Department of Ophthalmology and Neuroscience Center of Excellence, Louisiana State University Health Sciences Center, New Orleans, Louisiana 70112, Electron Microscope Laboratory, Tulane University, New Orleans, Louisiana 70118, Department of Ophthalmology, Georgia Health Sciences University, Augusta, Georgia 30912, and Jules Stein Eye Institute, The University of California, Los Angeles School of Medicine, Los Angeles, California 90095.
J Neurosci. 2013 Oct 30;33(44):17458-68. doi: 10.1523/JNEUROSCI.1380-13.2013.

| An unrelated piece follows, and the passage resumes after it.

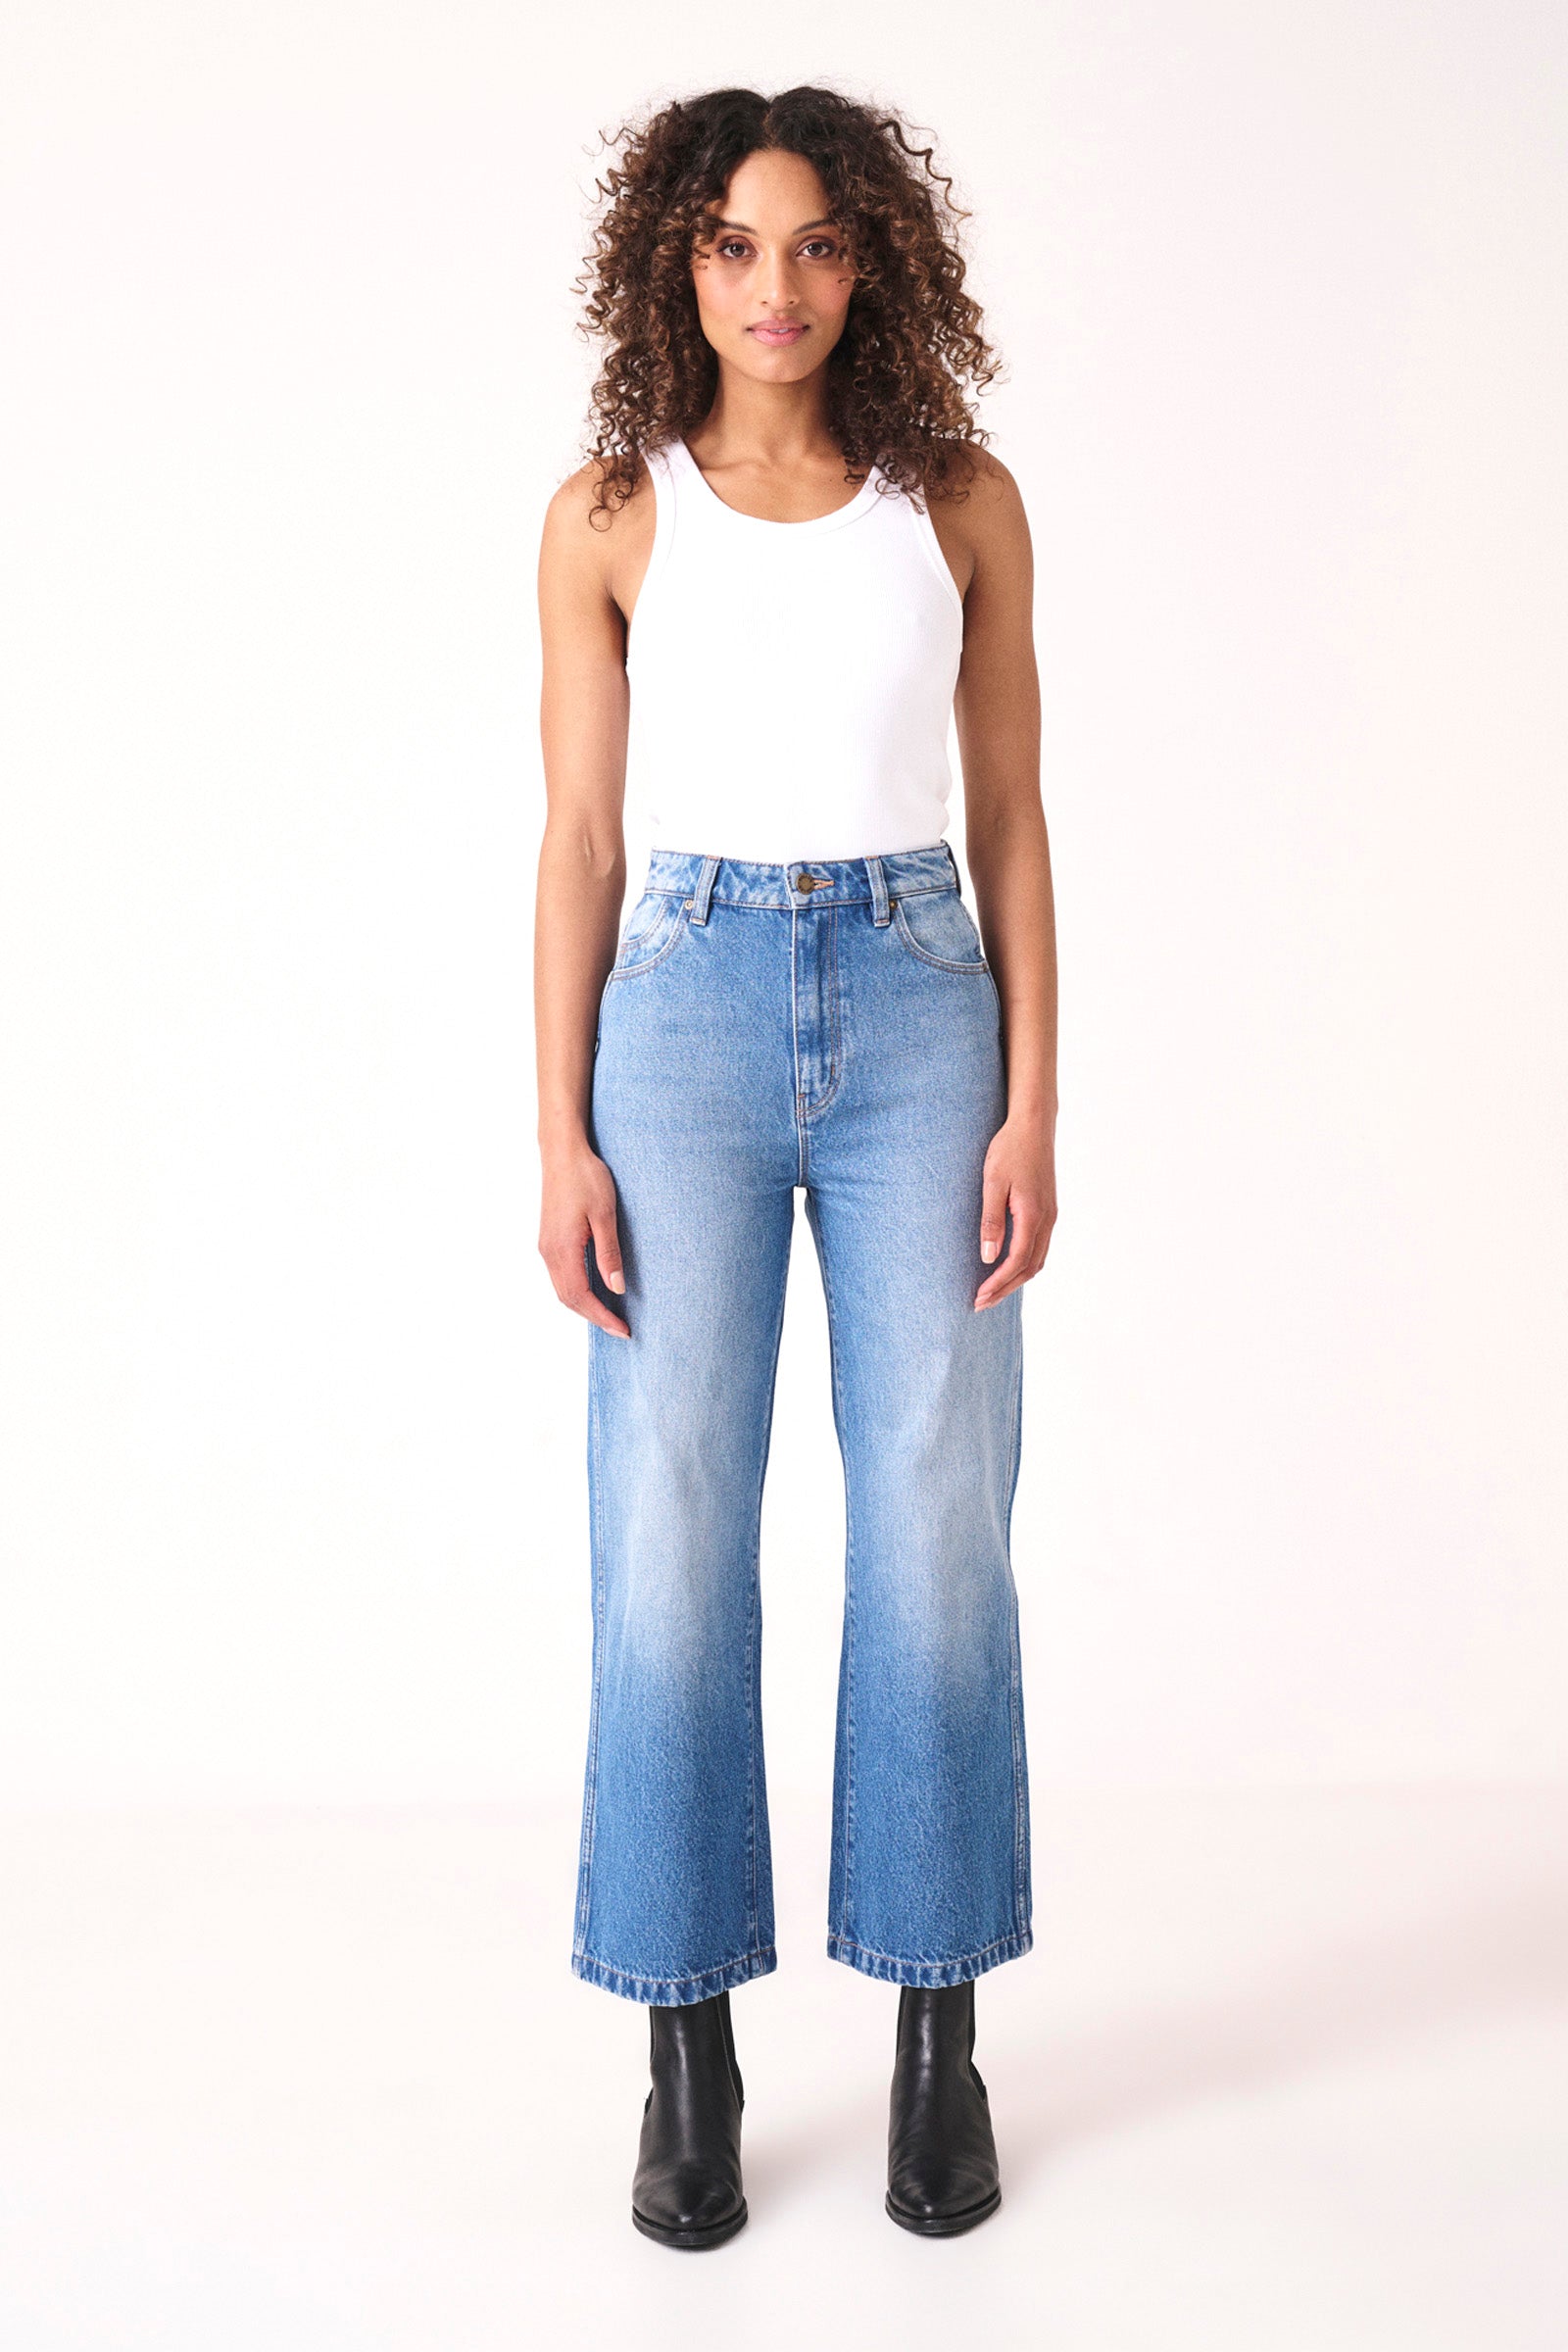 Women's Jeans | Buy Women's Denim Jeans | Rolla's US

Interphotoreceptor retinoid-binding protein (IRBP) secreted by photoreceptors plays a pivotal role in photoreceptor survival with an unknown mechanism. A mutation in the human IRBP has been linked to retinitis pigmentosa, a progressive retinal degenerative disease. Mice lacking IRBP display severe early and progressive photoreceptor degeneration. However, the signaling pathway(s) leading to photoreceptor death in IRBP-deficient mice remains poorly understood. Here, we show that amounts of tumor necrosis factor-α (TNF-α) in the interphotoreceptor matrix and retinas of Irbp(-/-) mice were increased more than 10-fold and fivefold, respectively, compared with those in wild-type mice. Moreover, TNF-α receptor 1, an important membrane death receptor that mediates both programmed apoptosis and necrosis, was also significantly increased in Irbp(-/-) retina, and was colocalized with peanut agglutinin to the Irbp(-/-) cone outer segments. Although these death signaling proteins were increased, the caspase-dependent and independent apoptotic pathways were mildly activated in the Irbp(-/-) retinas, suggesting that other cell death mechanism(s) also contributes to the extensive photoreceptor degeneration in Irbp(-/-) retina. We found that receptor interacting protein 1 and 3 (RIP1 and RIP3) kinases, the intracellular key mediators of TNF-induced cellular necrosis, were elevated at least threefold in the Irbp(-/-) retinas. Moreover, pharmacological inhibition of RIP1 kinase significantly prevented cone and rod photoreceptor degeneration in Irbp(-/-) mice. These results reveal that RIP kinase-mediated necrosis strongly contributes to cone and rod degeneration in Irbp(-/-) mice, implicating the TNF-RIP pathway as a potential therapeutic target to prevent or delay photoreceptor degeneration in patients with retinitis pigmentosa caused by IRBP mutation.
光感受器分泌的间视网膜视黄醇结合蛋白(IRBP)在光感受器存活中起着关键作用,但其机制尚不清楚。人类 IRBP 的突变与一种进行性视网膜退行性疾病——色素性视网膜炎有关。缺乏 IRBP 的小鼠表现出严重的早期和进行性光感受器变性。然而,IRBP 缺陷型小鼠中导致光感受器死亡的信号通路仍知之甚少。在这里,我们发现与野生型小鼠相比,IRBP(-/-) 小鼠的光感受器间基质和视网膜中的肿瘤坏死因子-α(TNF-α)含量分别增加了 10 多倍和 5 倍。此外,TNF-α受体 1,一种重要的膜死亡受体,介导程序性细胞凋亡和坏死,在 Irbp(-/-) 视网膜中也显著增加,并且与花生凝集素一起定位于 Irbp(-/-) 锥体外节。尽管这些死亡信号蛋白增加,但 caspase 依赖性和非依赖性凋亡途径在 Irbp(-/-) 视网膜中仅轻度激活,这表明其他细胞死亡机制也有助于 Irbp(-/-) 视网膜中广泛的光感受器变性。我们发现,受体相互作用蛋白 1 和 3(RIP1 和 RIP3)激酶是 TNF 诱导的细胞坏死的细胞内关键介质,在 Irbp(-/-) 视网膜中至少升高了三倍。此外,RIP1 激酶的药理学抑制显著阻止了 Irbp(-/-) 小鼠中锥体和杆状光感受器的变性。这些结果表明,RIP 激酶介导的坏死强烈导致 Irbp(-/-) 小鼠中的锥体和杆状光感受器变性,提示 TNF-RIP 途径可能成为预防或延迟由 IRBP 突变引起的色素性视网膜炎患者光感受器变性的潜在治疗靶点。